First, thanks to everyone who has responded so far to my question
about the booklet. I really appreciate every bit of feedback. I'm glad
to be reminded that "Why me?" is a really common question. (And
also one I can't answer. But I think that this question is partly code 
for "Is this my fault?" -- a question that I *can* answer.)  Also, I 
think that focussing on the present ("you can feel better now") is 
going to have to be a large part of the booklet. Thinking about the 
future is hard; it's much easier to be motivated by the here and now.

Liz Davis wrote:
>I like your answer; it's the question I have a problem with.  My experience 
>as a young kid with diabetes was that as soon as an adult offered up an 
>unsolicited comment on something that wouldn't or didn't have to happen to 
>me, even though I had diabetes, I usually figured they were just trying to 
>comfort me and it would.  Especially if it wasn't something I was worried 
>about.  Otherwise, why would they mention it in the first place, since it 
>wasn't going to affect me?  It seemed to me like evasive tapdancing.
>I guess my point is that this question does need to be answered honestly, 
>but maybe only if it's asked. 

I'm going to have to think a lot about this. One problem I'm dealing 
with is that I don't know which of the many misconceptions about 
diabetes the child or parents may have heard. If they haven't heard one, 
am I just adding a new fear by saying "You may have heard X -- but 
it's not true"? I have to anticipate the questions they may be asking and 
the fears that they may be feeling.
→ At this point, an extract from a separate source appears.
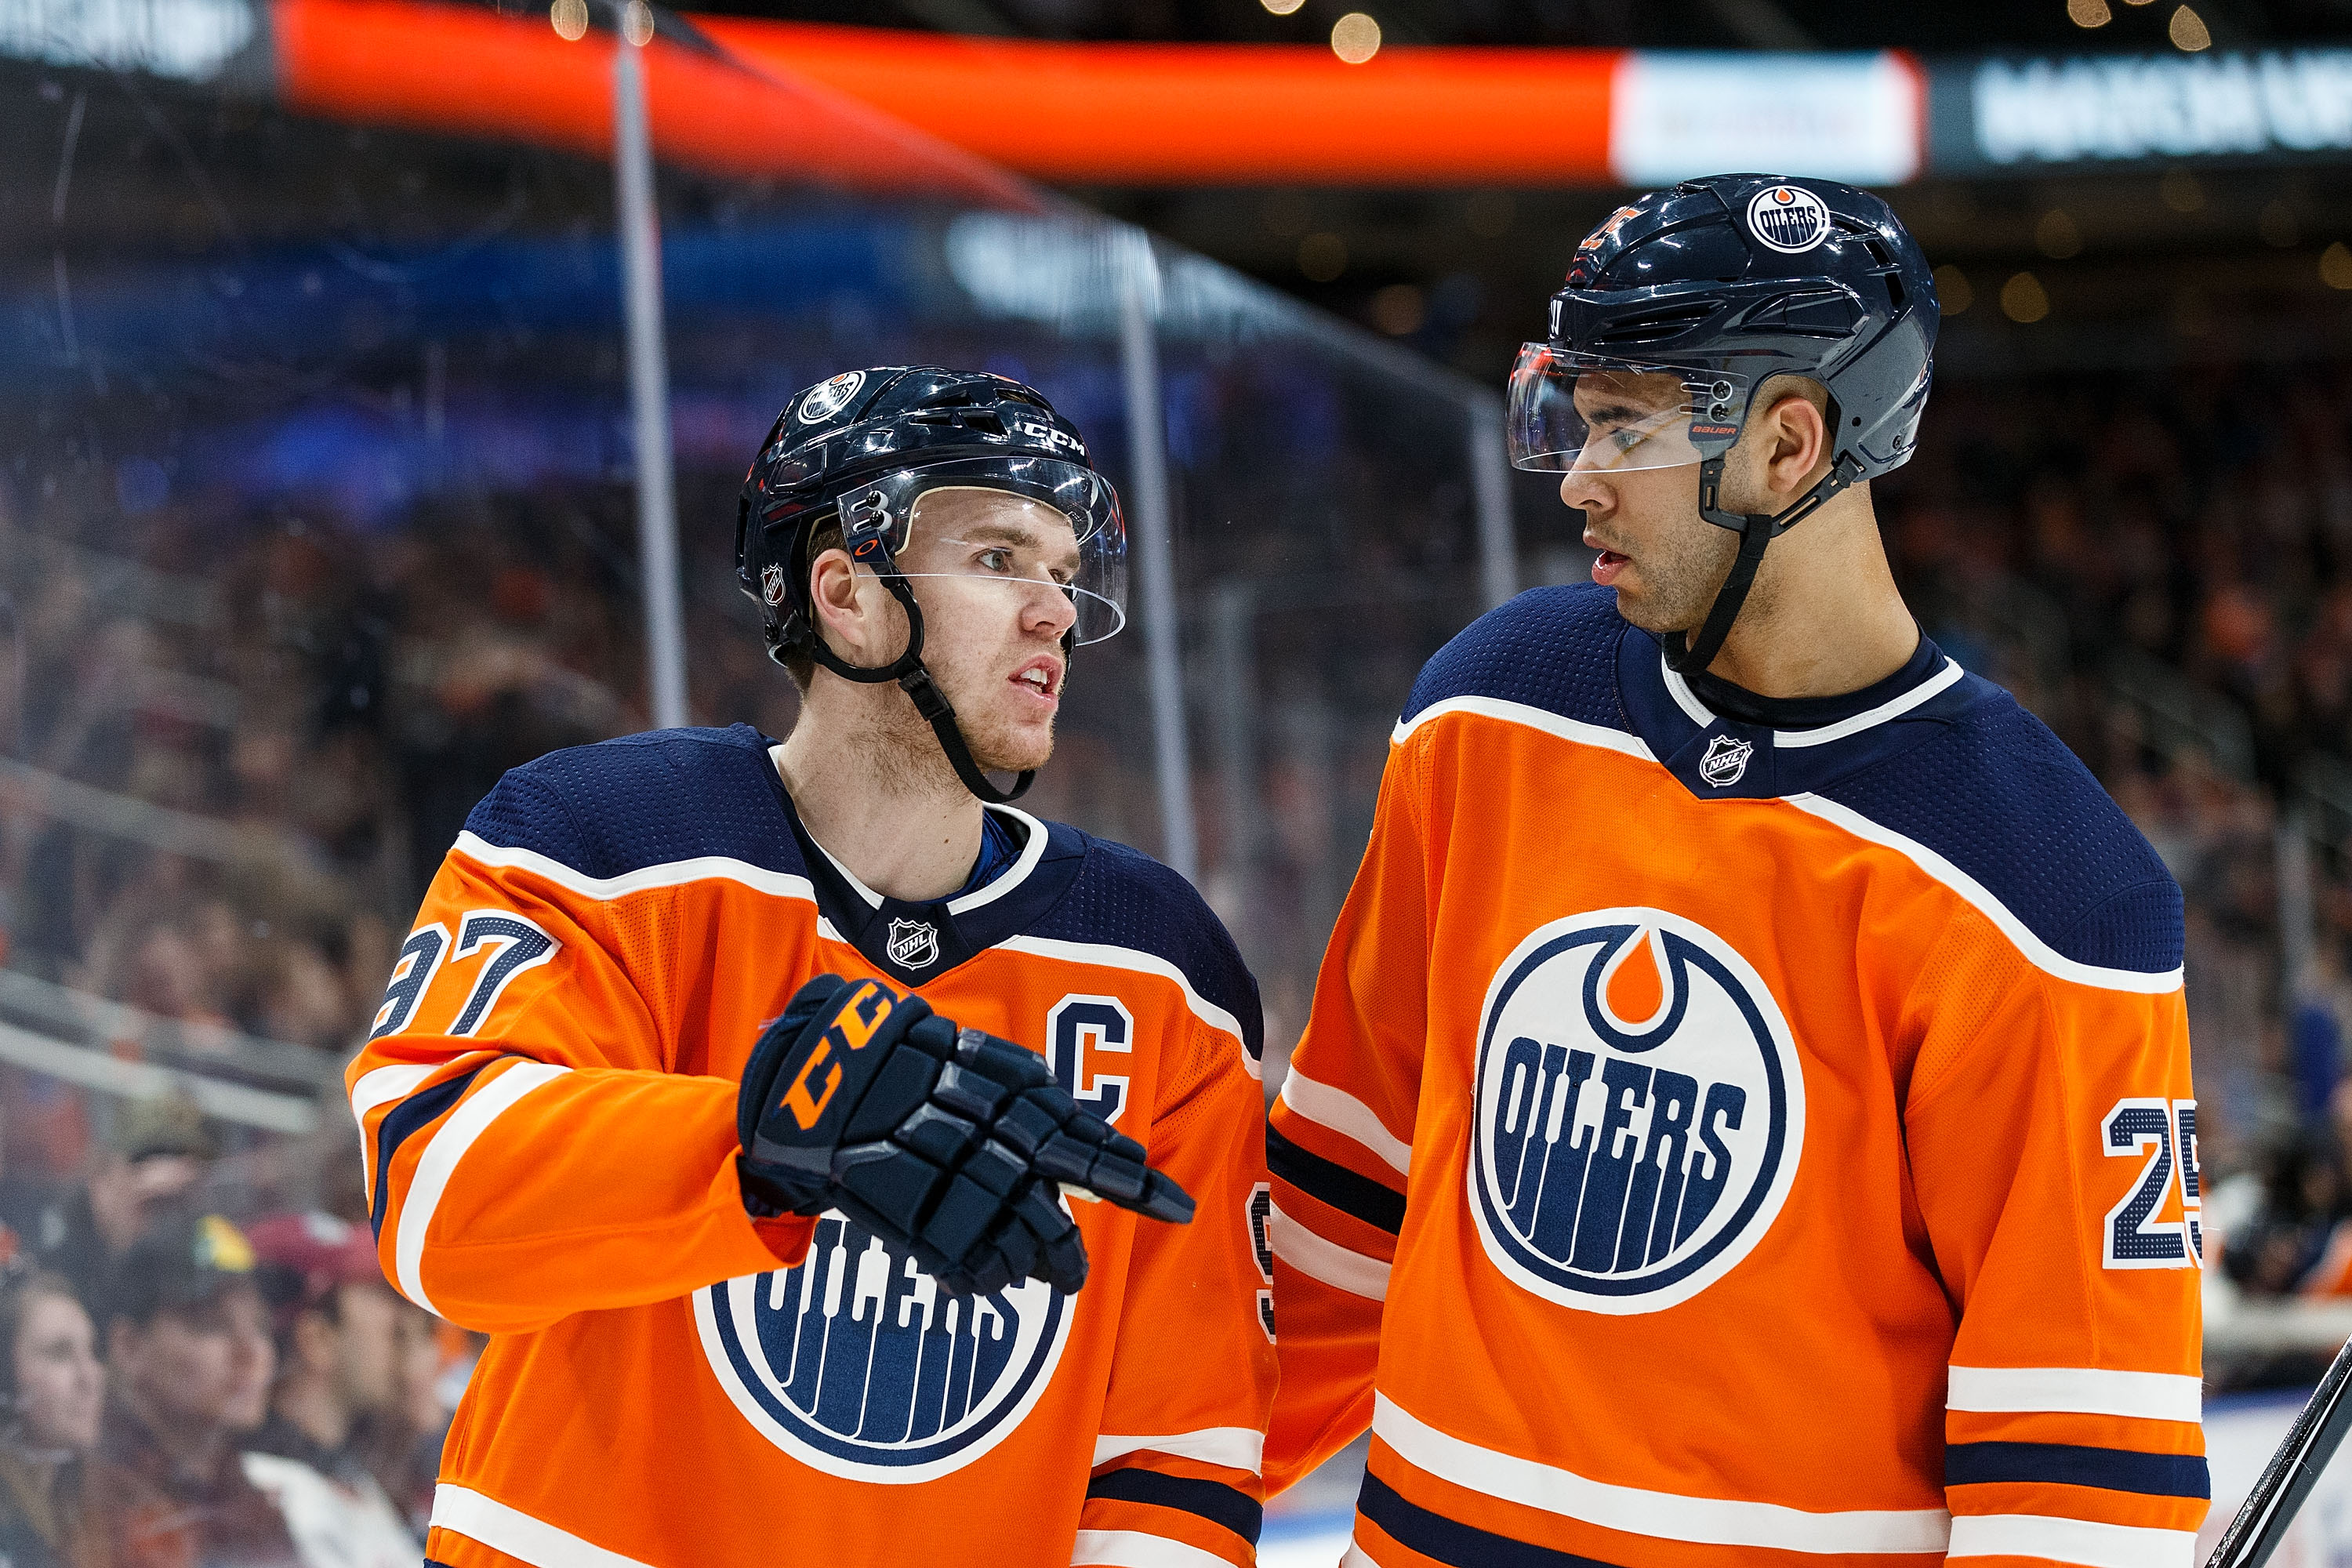 EDMONTON, AB - APRIL 05: Connor McDavid #97 and Darnell Nurse #25 of the Edmonton Oilers strategize during a break in play against the Vegas Golden Knights at Rogers Place on April 5, 2018 in Edmonton, Canada.
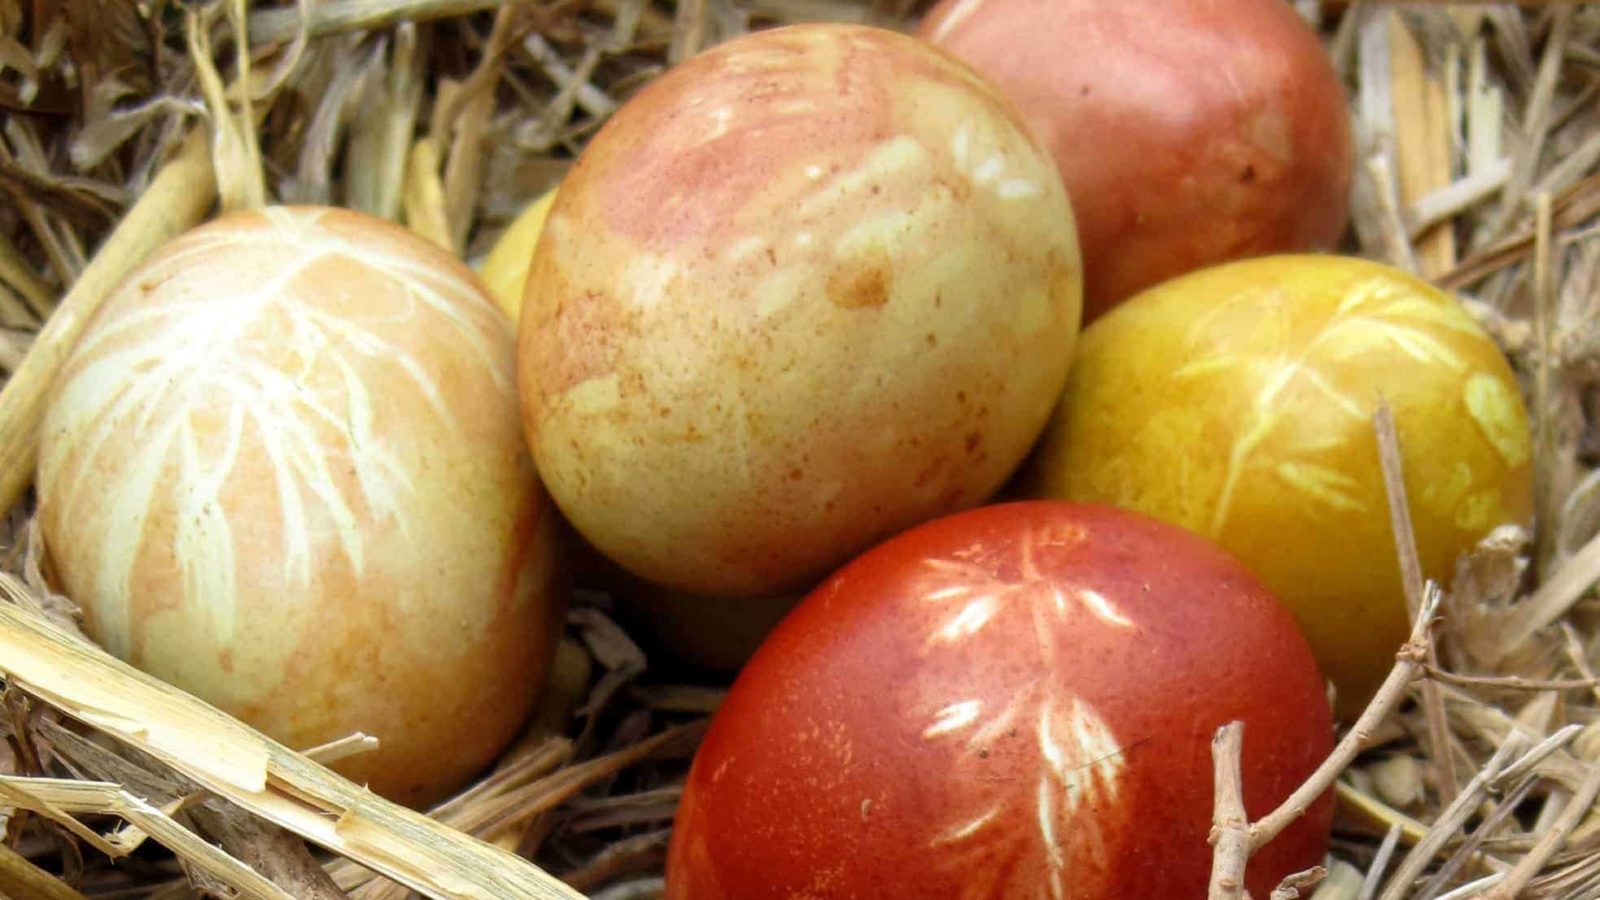 Easter eggs dyed with onion skin show light patterns of leaves against deep red and gold color.

Some of this I know from my own 
experience, but since I was diagnosed as an adult, it's been different
for me than for people diagnosed as kids. That's one reason that your
input is really valuable.

We had a focus group of kids that was mainly aimed at getting ideas
about the art style so that we could make the booklet visually appealing.
I did ask the kids a few questions about illness and comfort, one of 
which was "If your doctor told you that you had a serious disease, 
what would you want to know?" They all said that they'd want to know
if they were going to die. The funny thing about that question is that 
it's based on the stereotype of the doctor saying "you have 6 months 
to live." As we know, they rarely say anything so definite. I think 
that I can answer the "will I die" question honestly, but a little less 
directly. Maybe that's the way I should go.